Странное впечатление производит город по вечерам: он выглядит совсем нечеловеческим. Высятся мрачные, черные трубы, зловещим пламенем тлеют заводские печи-вагранки, время от времени выбрасывая в небо длинные, змееподобные языки пламени. Кажется, будто город построили не люди, а трудолюбивые кузнецы-гномы. И тем не менее Шеффилд — одно из самых впечатляющих свидетельств власти человека над силами природы.
Он представляет собой полную противоположность тихим соборным городам, таким как Йорк и Кентербери.
Сталь является самой основой существования Шеффилда. Здесь все связано с ее производством и преобразованием во множество нужных и полезных вещей. В последнее время все чаще ведутся разговоры о зависимости человека от машин. Глядя на Шеффилд, можно было бы предположить, что его населяют такие же холодные и бездушные люди, как и те умные станки, которыми они управляют. Ничего подобного! Человеческая природа в очередной раз опровергает заумные гипотезы высоколобых теоретиков. В Шеффилде живут очень веселые и энергичные люди. Многие из них приехали из Шотландии и соседних графств. Они радостно улыбаются сквозь клубы разноцветного дыма. Чем больше дыма на улицах Шеффилда, тем шире улыбки на лицах его обитателей.

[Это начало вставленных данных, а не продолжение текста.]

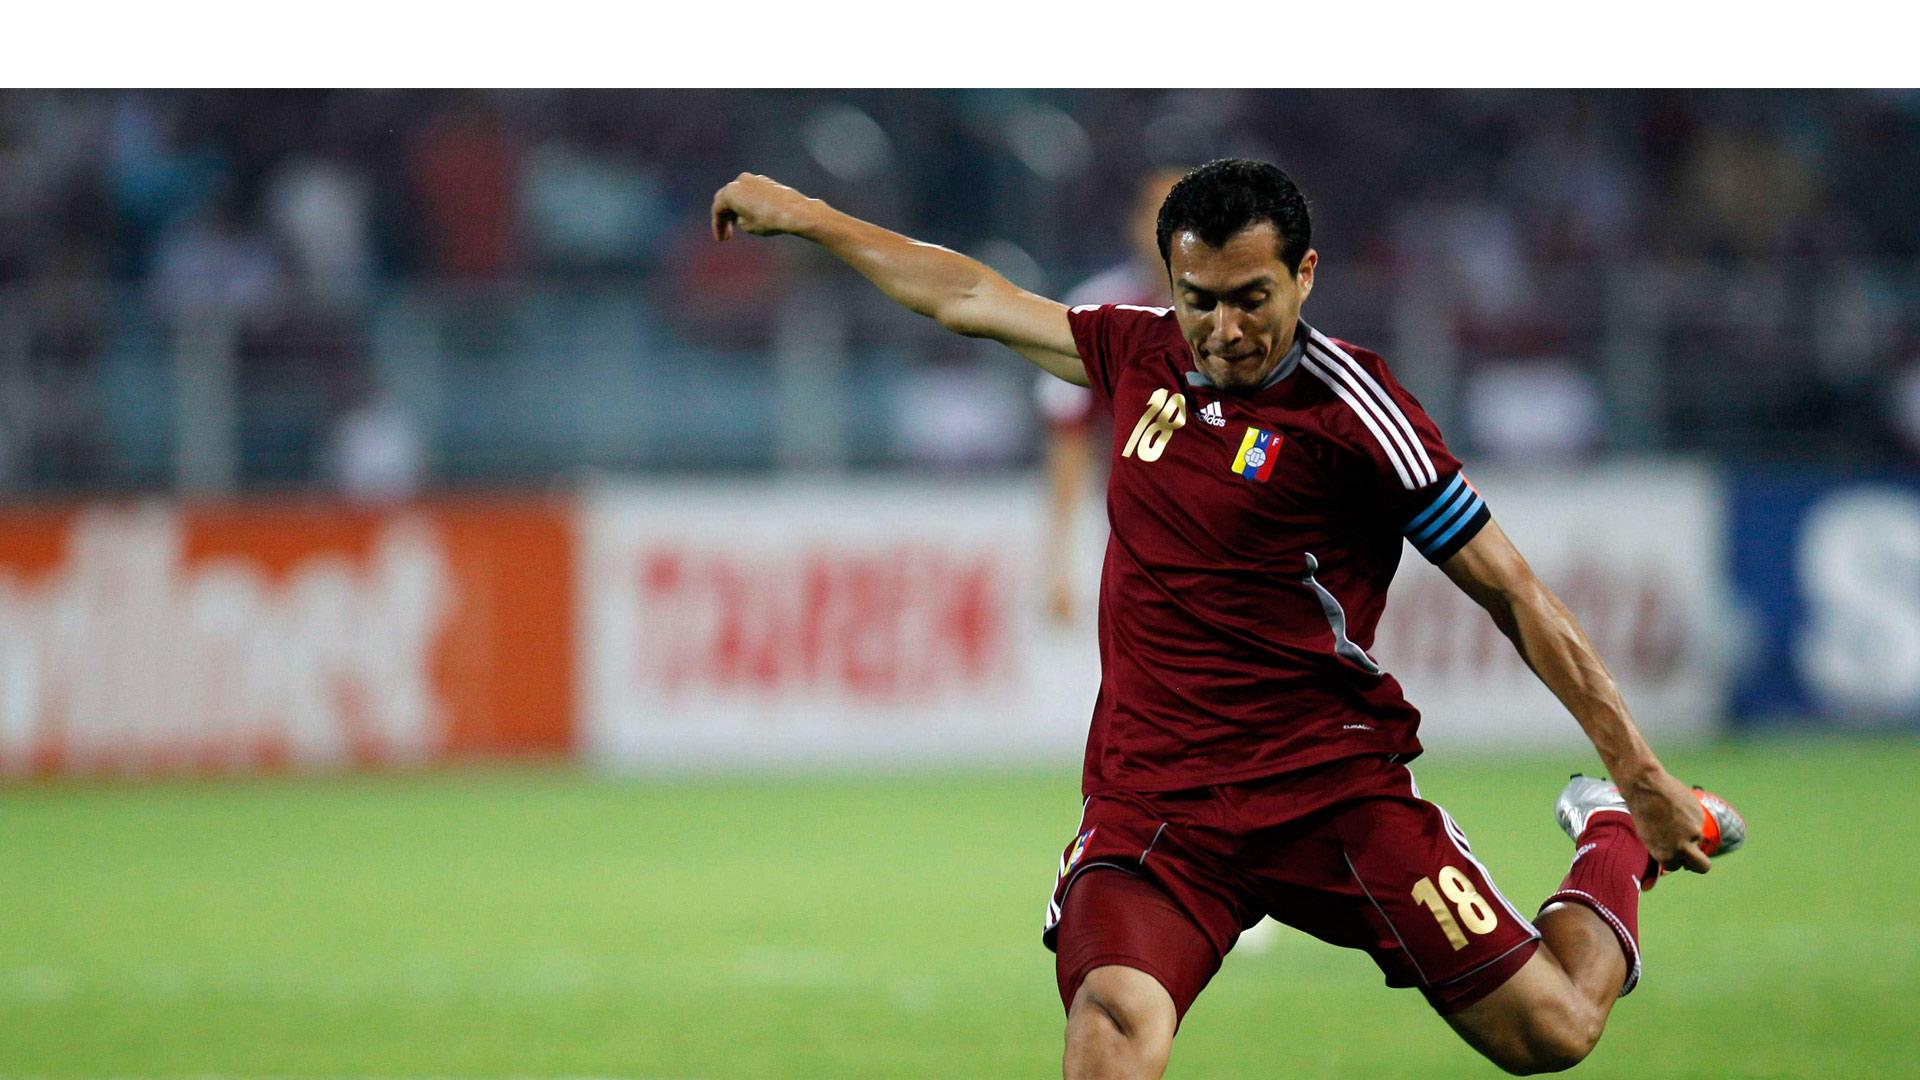 El mejor jugador de Venezuela demostró que el trabajo duro y constante son las claves para lograr los sueños propuestos

А еще шеффилдцы обожают своих женщин. И то сказать: прелестное девичье личико под задорной красной шляпкой гораздо больше радует глаз, когда оно возникает на фоне иссиня-черного дыма. Здесь оно выглядит подлинным подарком судьбы…
Огромные жароустойчивые горнила, соединяющие топки с изложницами, дымятся от жара расплавленного металла. Вот они медленно накреняются, и жидкий металл течет в сторону форм, там он остывает, затвердевает. И пожалуйста — Шеффилд выдал на-гора еще одну броневую плиту или пушку. Очередной вклад в дело победы над врагом!
Самой крупной деталью, которая производится на шеффилдских заводах, является стальной колесный бандаж для железнодорожных составов. А самой мелкой, наверное, будут граммофонные иголки.
На изготовление одной такой иголки уходит целый месяц, а срок службы ее составляет едва ли пять минут. Ученые установили множество интересных подробностей из жизни этого деликатного изделия. Оказывается, за время воспроизведения одной записи граммофонная иголка пробегает путь длиной в семьсот двадцать футов, и при этом нагрузка на нее составляет три с половиной унции. Поскольку площадь острия иголки (если тут вообще уместно говорить о площади) чрезвычайно мала — примерно три тысячных дюйма, то давление составляет колоссальную цифру — двенадцать тонн на квадратный дюйм. Сами понимаете, какой прочностью должна обладать иголка при таких нагрузках. Обычно их изготавливают из специальной закаленной стали.
Я побывал на фабрике и понаблюдал за процессом изготовления граммофонных иголок. На моих глазах девушки брали пучки тонкой стальной проволоки около фута длиной и пропускали их через устройство, которое каждый кусок проволоки заостряло с обоих концов. Следующий станок «откусывал» заостренные концы, получая, таким образом, по две иголки с каждого куска проволоки. Что дальше? А дальше все повторялось сначала: куски проволоки снова заострялись и шли на «обрезку». Так продолжалось до тех пор, пока из-под резца не выходила последняя пара иголок.
Миллионы заготовок выкладывались на особые подносы и отправлялись в недра раскаленной печи. Здесь иголки раскалялись до ярко-оранжевого цвета, по их поверхности пробегали ослепительные искры. Выждав, когда заготовки в достаточной степени прокалятся, подносы накреняются и сбрасывают их в масляную ванну. Так происходит процесс закалки.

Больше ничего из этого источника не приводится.